# Full Face Tinted Helmet Shield



## JD At The Lake (Feb 28, 2010)

I am looking for a face shield that I can attach to my Giro helmet to provide protection from the sun and bugs, etc. I was in Tokyo recently and saw a woman cycling to work with something like that on. It was a regular bike helmet with the shield attachment (not a xc helmet).

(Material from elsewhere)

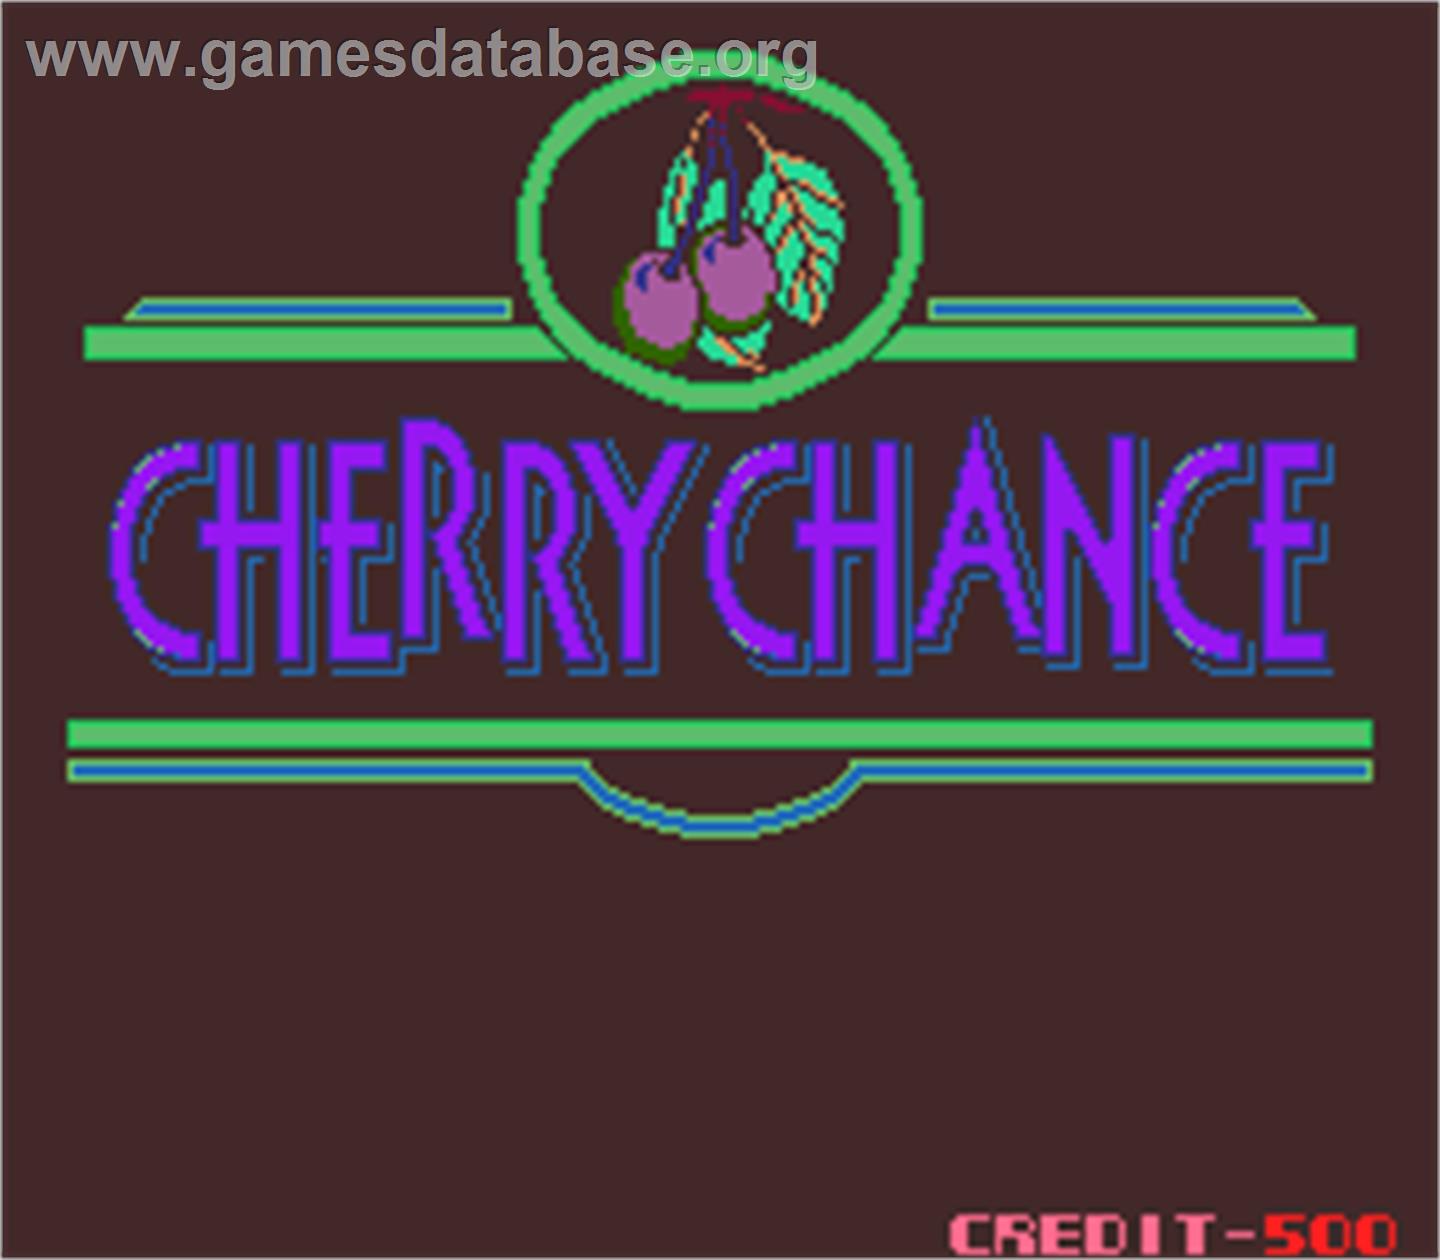 Cherry Chance - Arcade - Artwork - Title Screen

Has anyone else seen something like this?


----------



## il sogno (Jul 15, 2002)

Would this work?


Selev Tempo Aero Replacement Cycling Helmet Visors, Cycle Helmets, ProBikeKit United States


----------



## the_don (Mar 23, 2008)

In Japan they are popular, 

If you want one, I can send you one! They are quite cheap!


----------



## JD At The Lake (Feb 28, 2010)

Thanks. But I will be going there for two weeks soon and I will shop for one while I am there.


----------



## JD At The Lake (Feb 28, 2010)

Thanks, but no. I need sun protection as well.


----------



## spade2you (May 12, 2009)

Some time trial helmets are available with them. Team Sky uses Kask helmets that will offer a nice screen. 

Truth be told, this isn't done on normal helmets because the face shield is can get awfully warm and there's little to no ventilation. A good pair of cycling sunglasses like Oakley Jawbones, Smith Pivlock, etc., should be adequate shielding and still give you some wind to cool off.


----------